This invention relates to an insulated-gate transistor signal input device formed on an insulating substrate such as an array substrate incorporated in a liquid-crystal display device.
A typical active matrix liquid-crystal display device includes an array substrate in which pixel electrodes are arrayed in a matrix form, a counter substrate in which a counter electrode is formed to face the pixel electrodes, and a liquid-crystal layer held between the array substrate and counter substrate. The pixel electrodes are connected to a liquid-crystal driving circuit placed outside the array substrate, via the switching elements which are formed on the array substrate together with the pixel electrodes.
The switching element is constituted by an insulated-gate transistor such as a thin-film transistor (TFT) which has an insulated gate and a semiconductor layer formed on the array substrate. In recent years, there is a case where the liquid-crystal driving circuit is formed on the array substrate. In this case, the liquid-crystal driving circuit is formed as an insulated-gate transistor circuit constituted by a group of thin-film transistors having the same structure as that of the switching element.
When the array substrate has been electrostatically charged in the process of manufacturing the liquid-crystal display device, the insulated-gate transistor tends to be damaged or destroyed due to a surge voltage applied thereto according to the electrostatic charge.
For example, Jpn. Pat. Appln. KOKAI Publication No. 6-51346 and Jpn. Pat. Appln. KOKAI Publication No. 9-80471 disclose a protection diode circuit disposed near an Outer Lead-Bonding (OLB) pad to protect insulated-gate transistors from destruction caused by electrostatic charge applied from the OLB pad.
FIG. 1 shows a conventional liquid-crystal driving circuit in which the protection diode circuit disposed near an OLB pad for inputting a clock signal. In the liquid-crystal driving circuit, the clock signal is supplied from an OLB pad 41 through a clock line LlN to a clock buffer 42, and then from the clock buffer 42 through a clock line L2N to a driver section DR. The clock buffer 42 has a series of inverters 41-1, 42-2, . . . , 42-n each constituted by p- and n-channel thin-film transistors, and performs a process of driving, in response to the clock signal, the total load capacitance of the clock line extending into the driver section DR.
A protection diode circuit DiN is constituted by a pair of p-channel thin-film transistors Tr1 and Tr2 whose current paths are connected in series between a power source line VDD and the clock line L1N and a pair of n-channel thin-film transistors Tr3 and Tr4 whose current paths are connected in series between a ground line GND and the clock line L1N. Each of the thin-film transistors Tr1, Tr2, Tr3 and Tr4 has a gate electrode connected to an end of the current path and constitute a diode reverse-biased by the power source voltage.
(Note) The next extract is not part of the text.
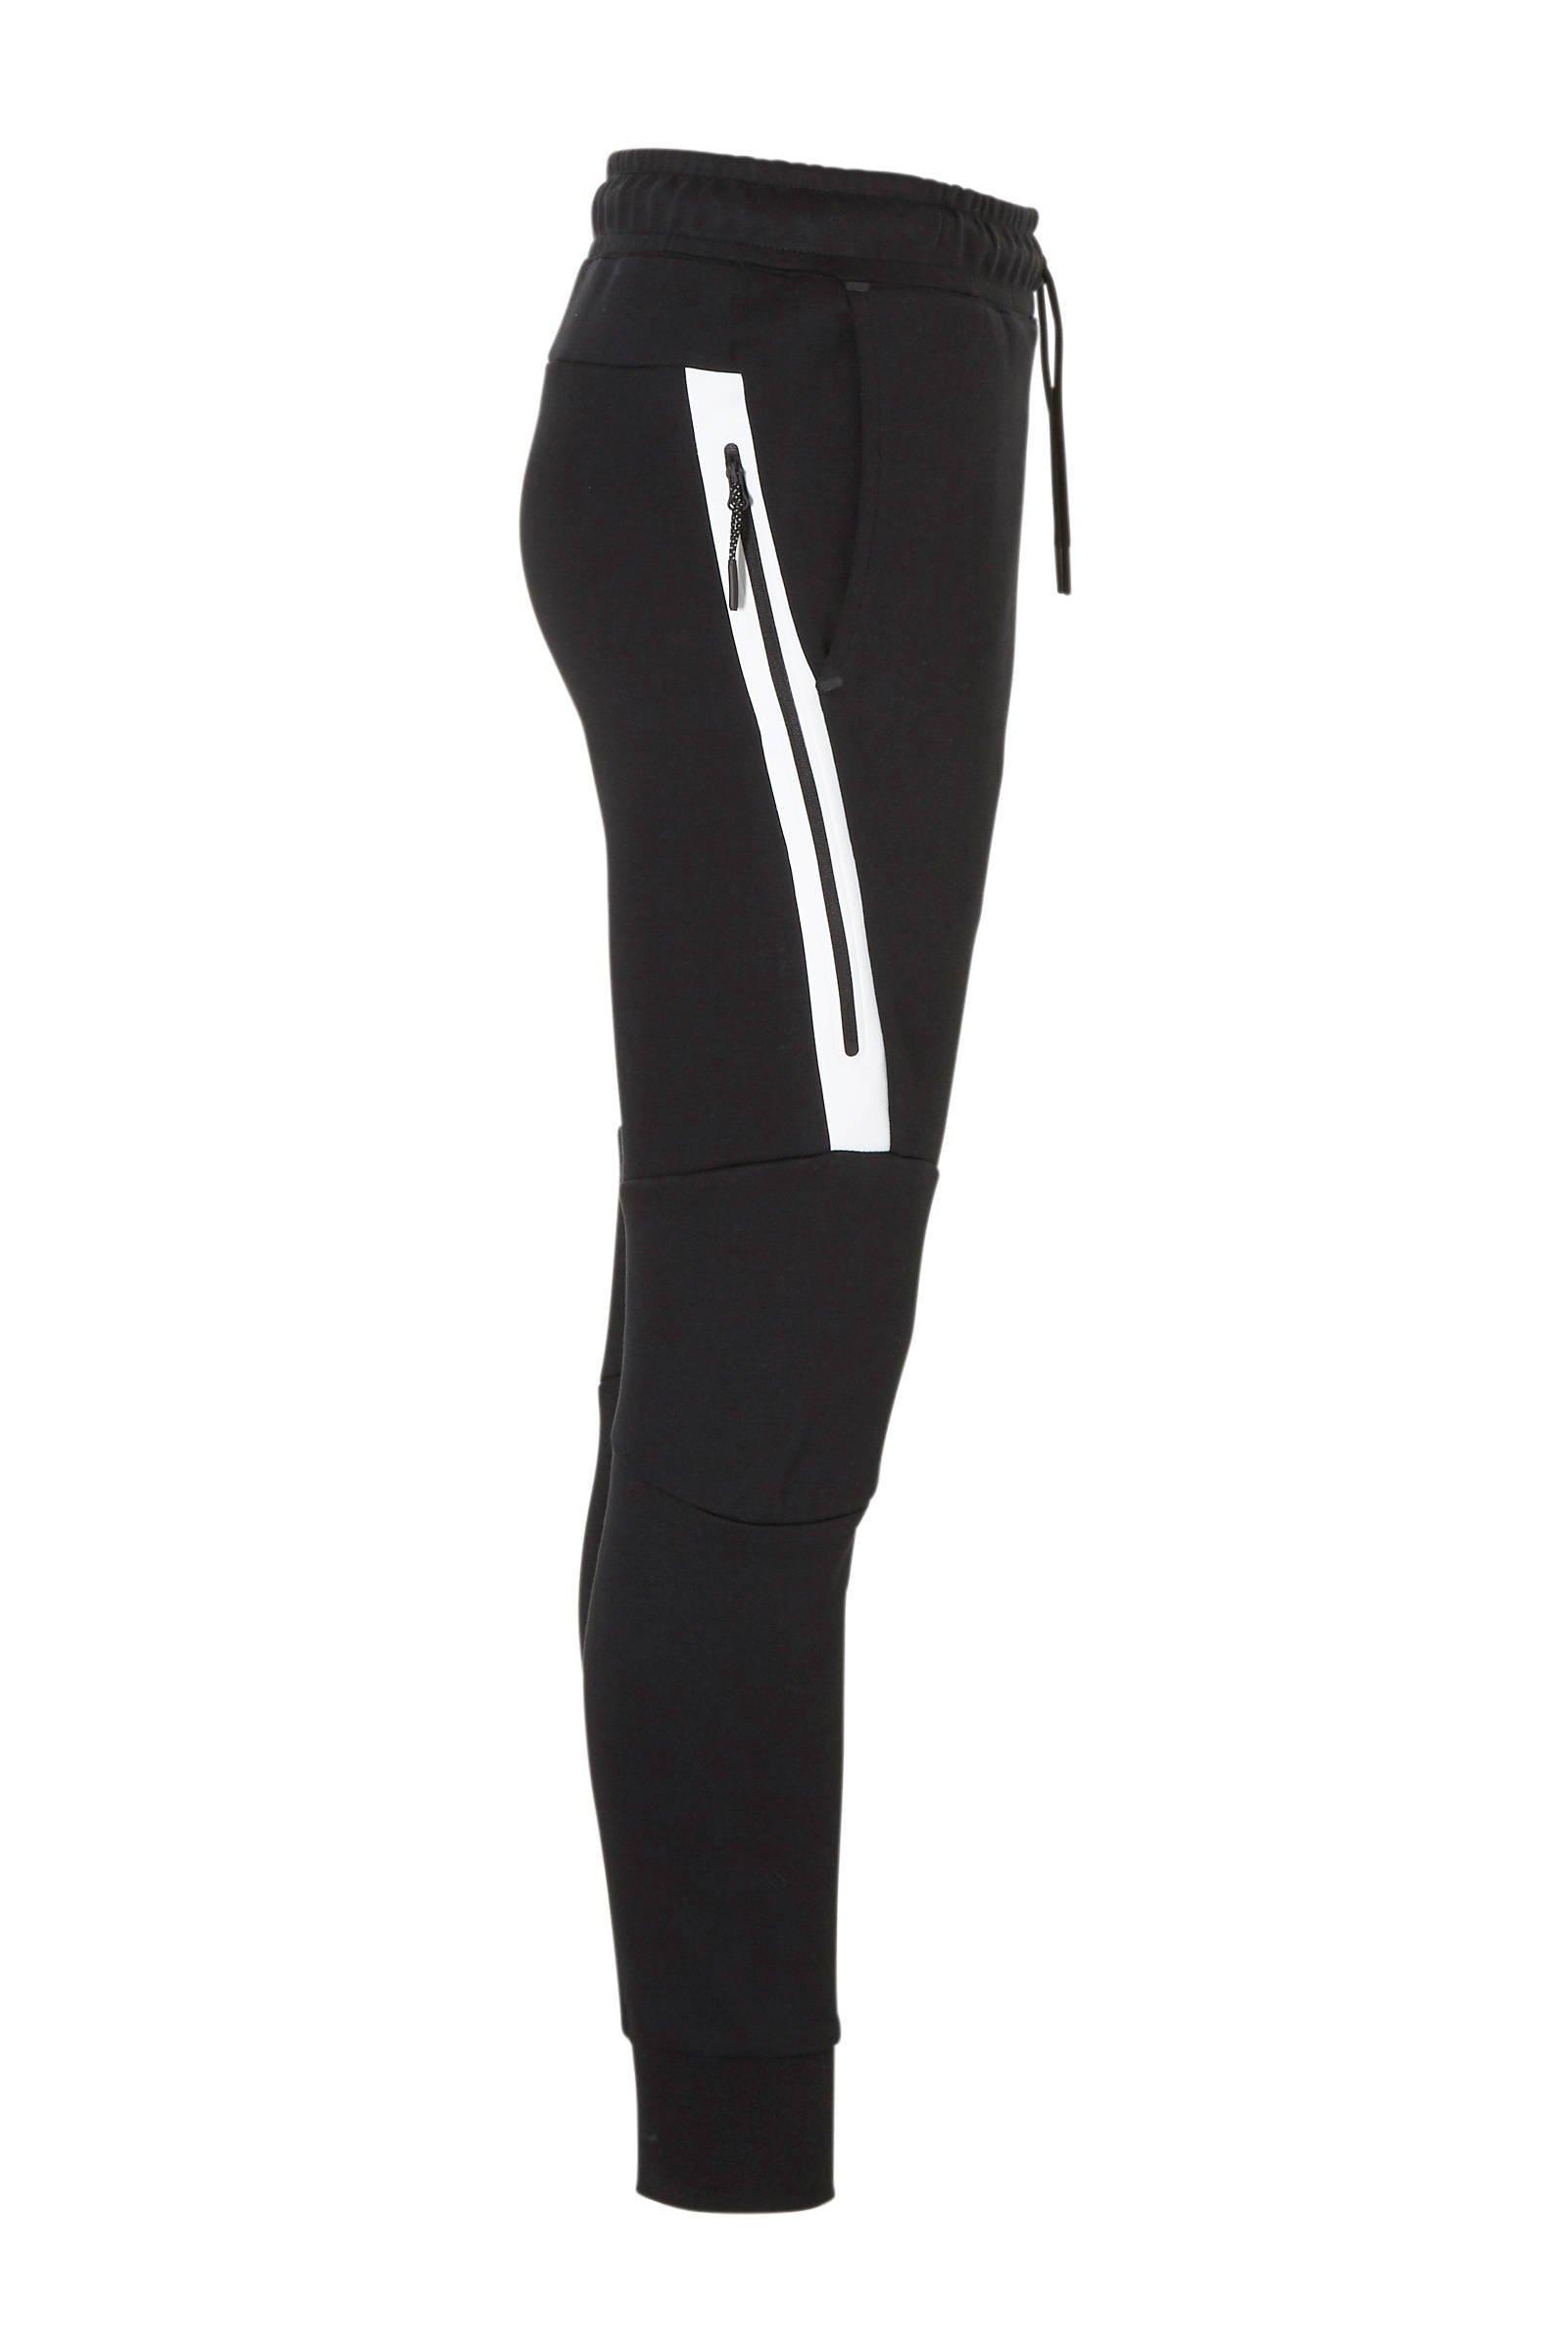 Nike Tech Fleece joggingbroek | wehkamp

With the liquid-crystal driving circuit, the protection diode circuit D1N removes electrostatic charge applied from the OLB pad 41. Specifically, when the thin-film transistors Tr1 and Tr2 or thin-film transistors Tr3 and Tr4 are forward-biased by the electrostatic charge, they are turned on to remove the electrostatic charge to the power source line VDD or ground line GND. However, the clock line L2N is electrically separated from the clock line L1N by the gate insulating films of the thin-film transistors of the clock buffer 42, the protection diode circuit D1N cannot remove electrostatic charge applied to the clock line L2N. As a result, a thin-film transistor of the clock buffer 42 connected to the clock line L2N is damaged by the electrostatic charge. In this case, not only the reliability of the liquid-crystal driving circuit but also that of the liquid-crystal display device is impaired seriously. Furthermore, when the thin-film transistor of the clock buffer 42 is destroyed electrostatically, this leads to a decrease in the yield of the liquid-crystal display device.